Last month, when Google held the I/O event during which it revealed the products it has coming next year, it wrapped up with a joke about how many times it had said “AI“. A huge board next to chief executive Sundar Pichai proclaimed that the “AI count” was 121, which worked out at more than once per minute.
When Apple came to its own version of that event – the Worldwide Developers Conference, or WWDC, held this week – its count was a lot lower. Even though it had been billed as Apple’s big moment to reveal its work on AI, it seemed as if it didn’t want to say it.
Apple has long been resistant about using the word AI, or artificial intelligence. At last year’s WWDC, when the post-ChatGPT AI hype was in full swing, it conspicuously refused to use the word. Instead, it favoured the (more specific) term “machine learning”, or just explaining what its new features would do, rather than how they would do it.
This time around, Apple couldn’t not say AI and artificial intelligence. It has spent the last year been hectored by investors, users and commentators who say it is in danger of falling behind and losing ground to competitors such as Google, and if it had refused to say the word again then it risked the wrath of the stock market and tech press, if not its customers.
It did still sort of refuse to say it. It remade the initials of AI into “Apple Intelligence”, it continued to say machine learning when it could, and at times it revealed features that must be powered by those technologies but just introduced them as being clever and proactive.
Part of that may be that Apple feels a little irritated by the common suggestion that it has missed out on AI. At the event, Apple software boss Craig Federighi said that there are already 200 different machine learning models running on the iPhone; its hardware has been built with devoted AI processors long before that was much of a selling point.
It has seemed at times to have marketed its features too well. As AI has moved to become a marketing term, it missed out – though it has now feels as if it has moved back towards being a turn-off, it might be glad of that fact.
At last year’s WWDC, when the clamour for Apple to announce its own AI tools was already loud, the hype around the technology was unmissable. But this year’s conference was preceded by major AI slip-ups by Microsoft, OpenAI and Google, and a technology that was once usually criticised for being too powerful has come to seem a little tawdry.
At times, Apple seemed to set itself explicitly against the AI industry. It described the new features as “AI for the rest of us” – a reference to the tagline for the original Macintosh in 1984, which called it the “computer for the rest of us”. As it did then, Apple hopes to take a technology that seems distant, difficult and dangerous and make it useful to the world.
It is notable that even at its big AI event, Apple did not choose to turn AI into a product.

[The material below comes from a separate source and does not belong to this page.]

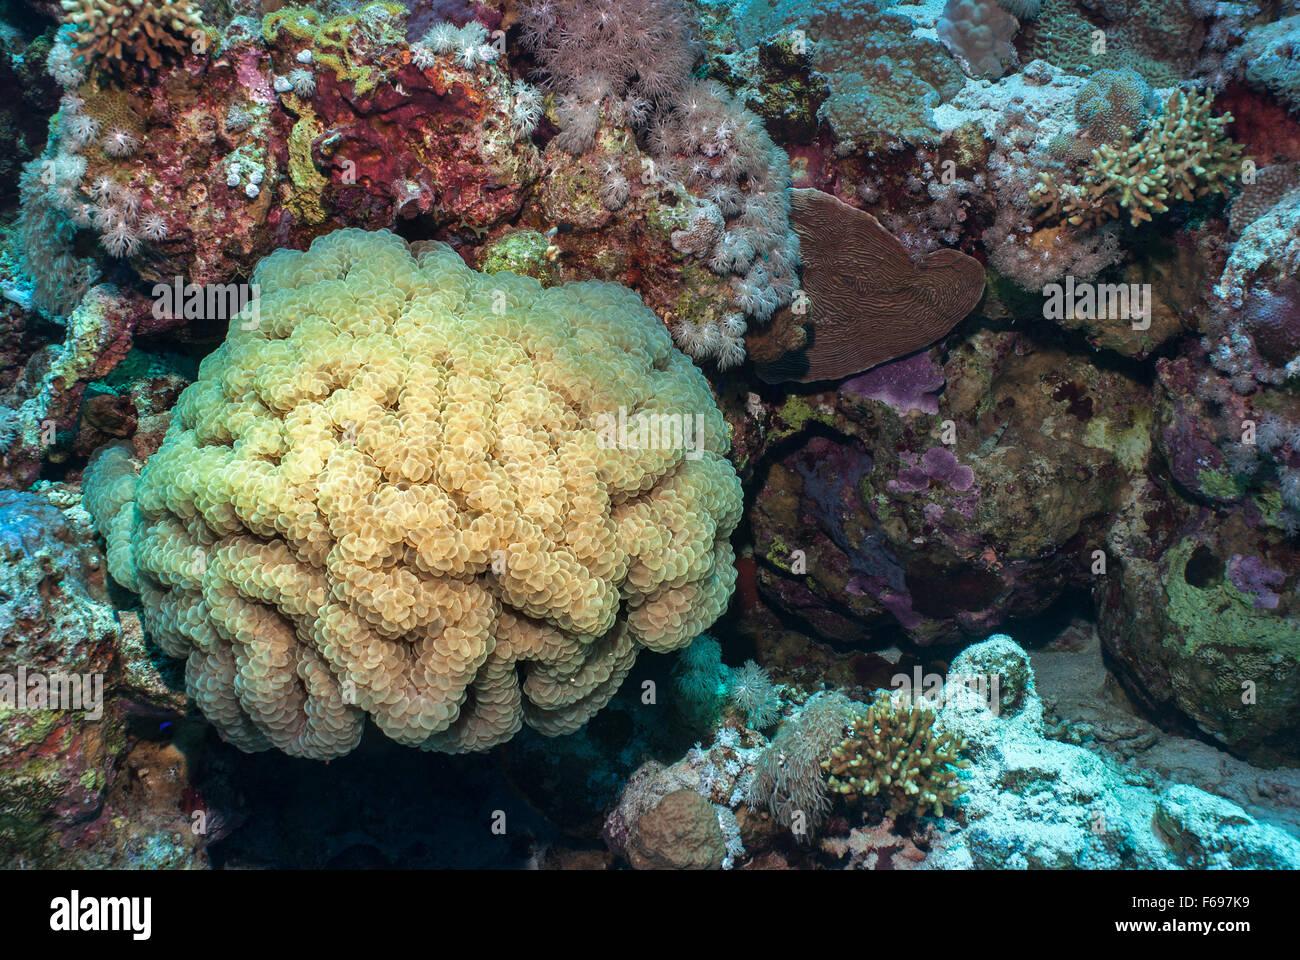 Burbuja, Plerogyra sinuosa coral, Caryophylliidae, Sharm el Sheikh, Mar Rojo, Egipto Imagen De Stock

It has spent the last few years pushing heavily into services, and artificial intelligence does require servers and other costs, so Apple could easily have said that it needed a monthly subscription. (It will make money from it, however; Apple Intelligence requires the A17 Pro chip that is only found in its most expensive iPhone 15 Pro and Pro Max.)
That might reflect another separation from the rest of the AI industry: Apple could be concerned that people, inspired by either apathy or antipathy, will not pay up for those features. Instead, Apple is turning them into things that people will pay for – useful tools, rather than intriguing technology.
It also opted to allow other companies to provide the more speculative, less useful parts of AI technology, announcing that OpenAI’s ChatGPT would be integrated into the operating system. It chose that because it is the “best” of the large language models available today, but did not rule out further integrations, such as Google’s Gemini or even models aimed at specific uses, such as one specifically made out to help out with medical questions.
Apple never really wanted to be an AI company; it just wanted to be a company that used AI. Even still, it feels as if it is being forced to say words that it doesn’t really want to.
Over the last couple of years, that has meant that it has been attacked as being behind the state of the art. It used this week to show that it wasn’t behind the AI industry – but it did show that it wants to be a little outside of it.